Today is National Cordon Bleu Day. The actual original name was schnitzel cordon bleu. I always thought it was French but apparently, its Swiss. (Hence why we spell it Bleu instead of Blue.) The original version was made with veal but it has gone on to include ham and chicken. By definition it means a meat wrapped around cheese, breaded and then pan-fried or deep-fried. (For those health conscious, you can also bake it)
Here’s a recipe for Cordon Bleu for those of you that are do not have one of your own. I suppose you could use anything you want in place of the meat, as long as you put cheese in the center. There was even a recipe for fish Cordon Bleu but I passed on that one. The first time it appeared in a cook book was in the 1940’s, a veal recipe. Ham followed next in 1955 and finally chicken in 1967. (I could have sworn I had cordon bleu before 1967 but that was so long ago)

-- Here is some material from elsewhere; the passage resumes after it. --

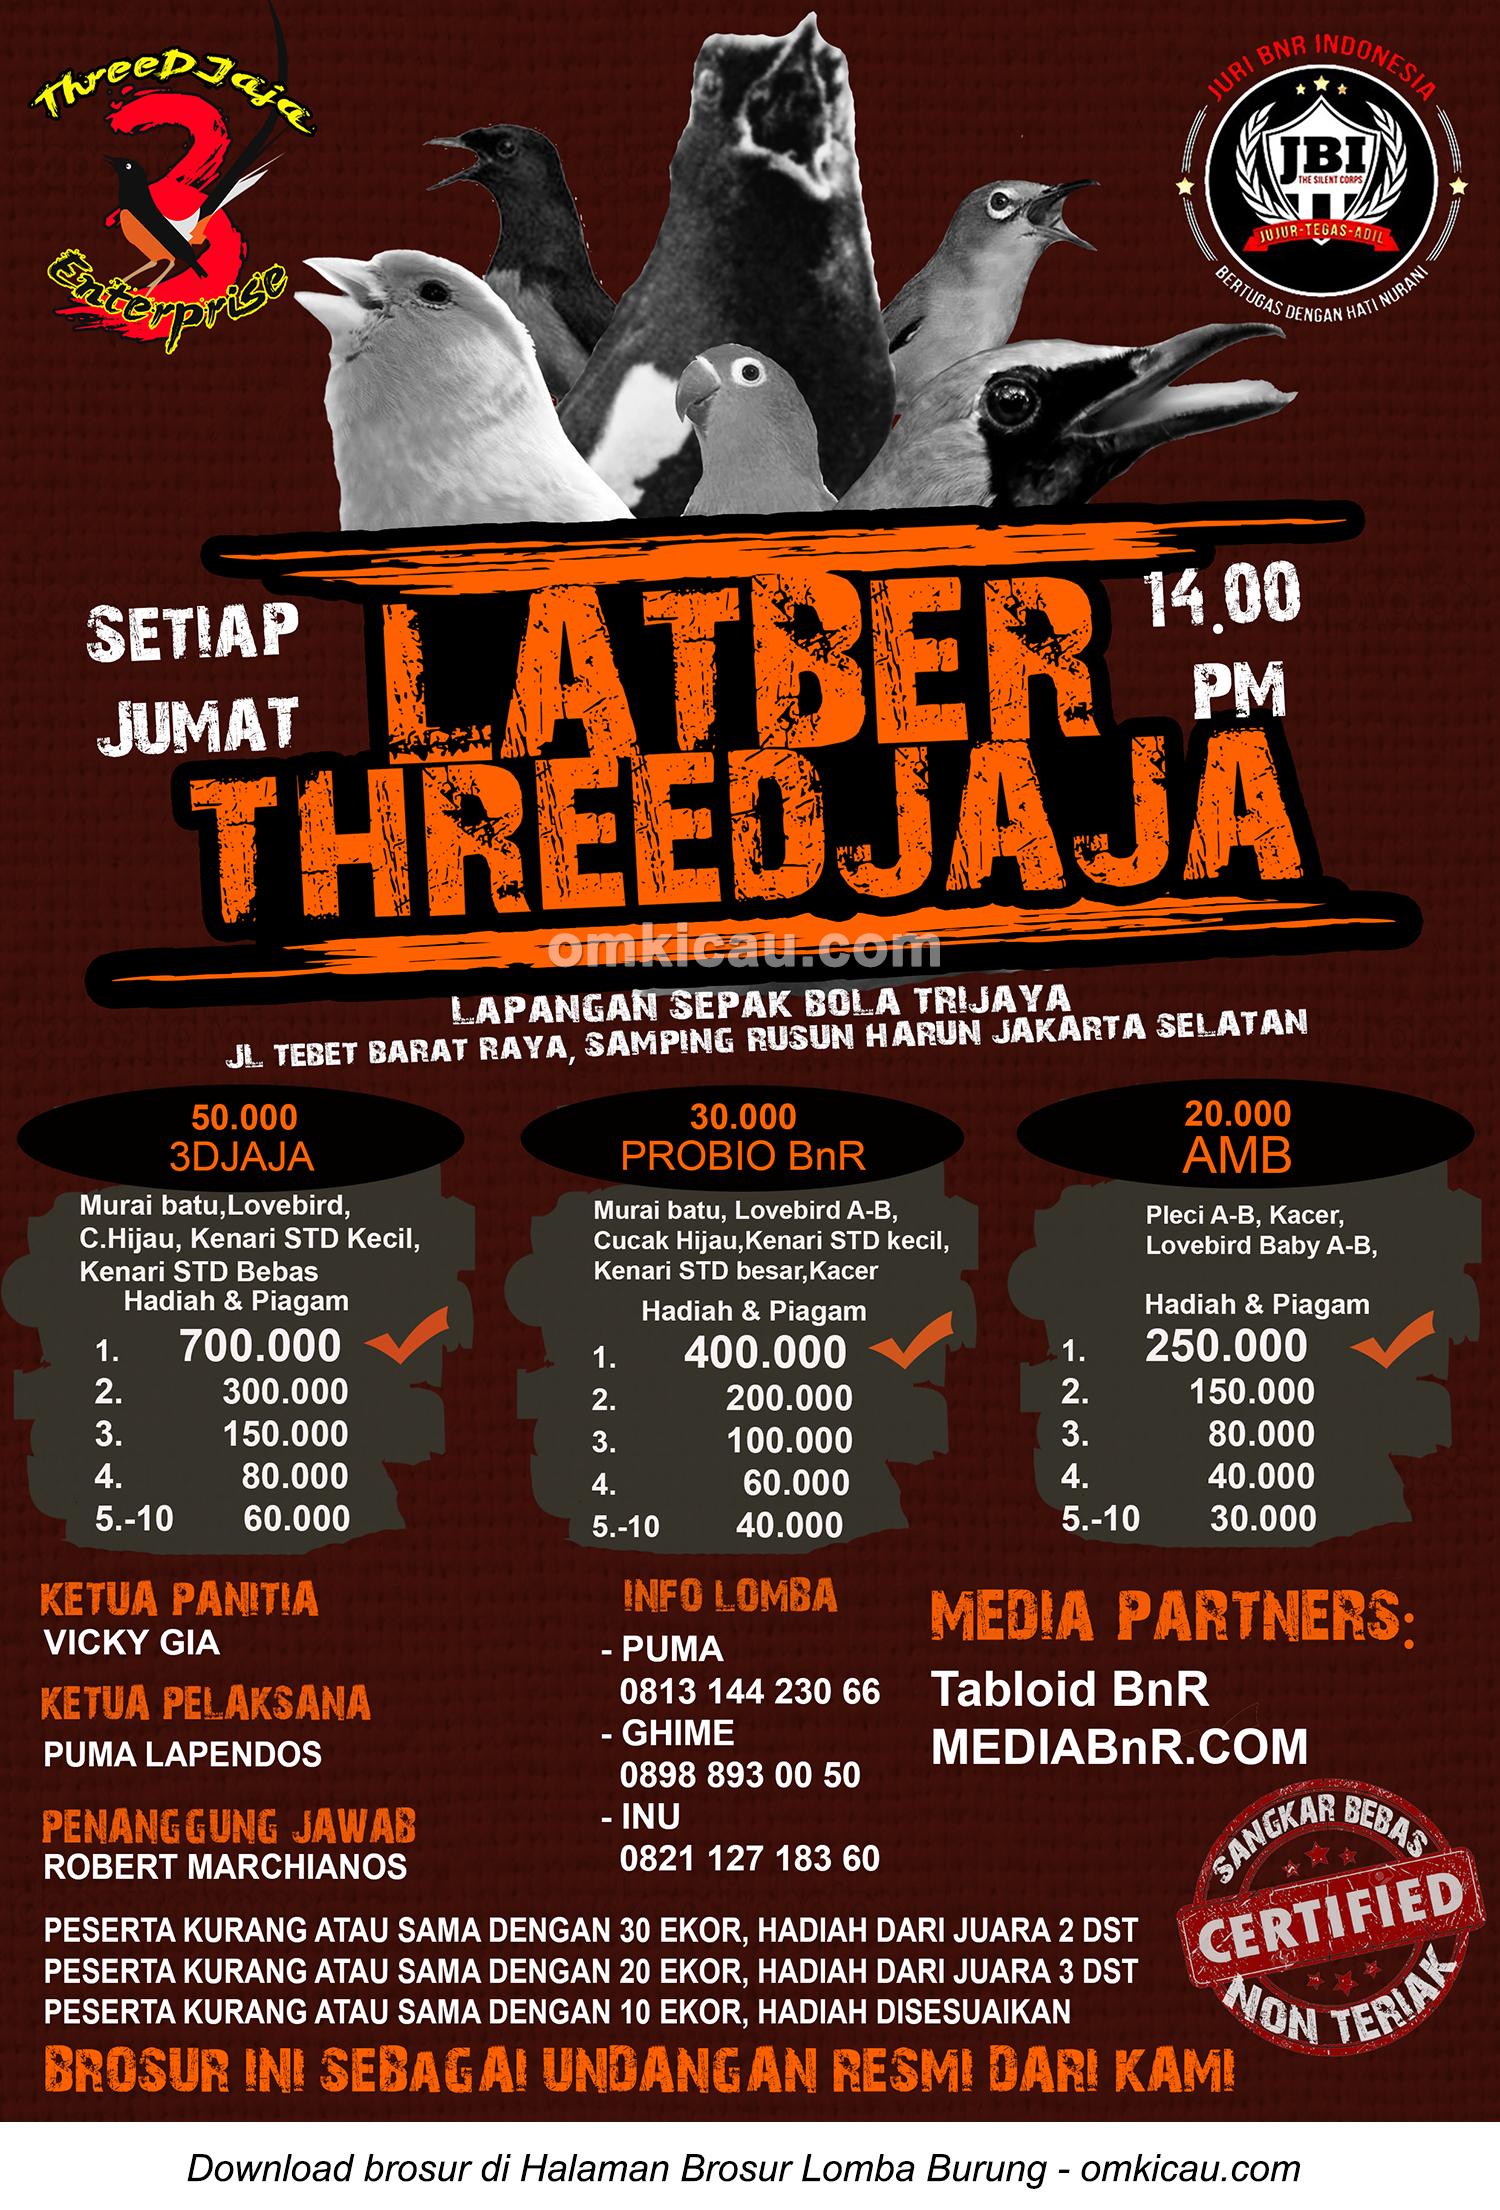 Brosur Latber ThreeDjaja Jakarta setiap Jumat siang
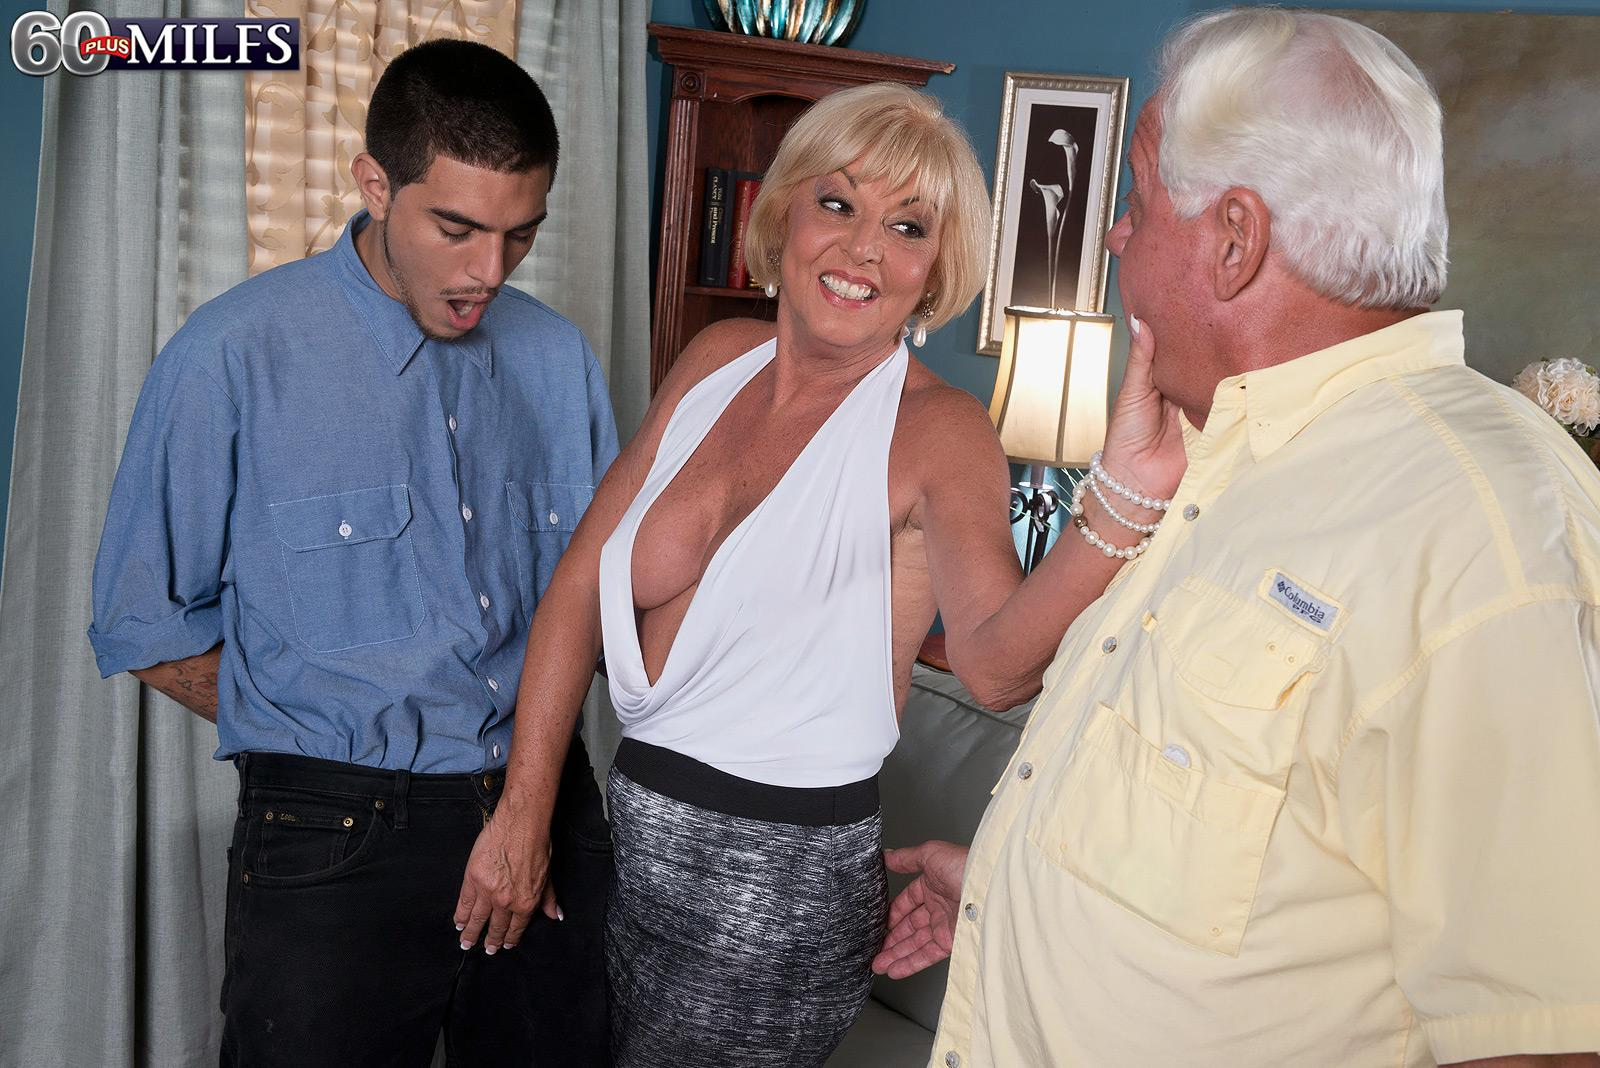 Platinum blonde granny scarlet andrews releasing gigantic breasts before cuck husband

Cordon Bleu actually means “Blue Ribbon”, which is French. It came from Henry III court in France and was given to the “Highest Order of Knighthood”. Known as L’Ordres des Chevaliers du Saint-Esprit, 1578.
Some inventing chef even mixed ham and chicken together to make their Cordon Bleu, what most of us commonly know today. So I guess Chicken, Veal or Ham served up with cheese, breaded and fried is Blue Ribbon material.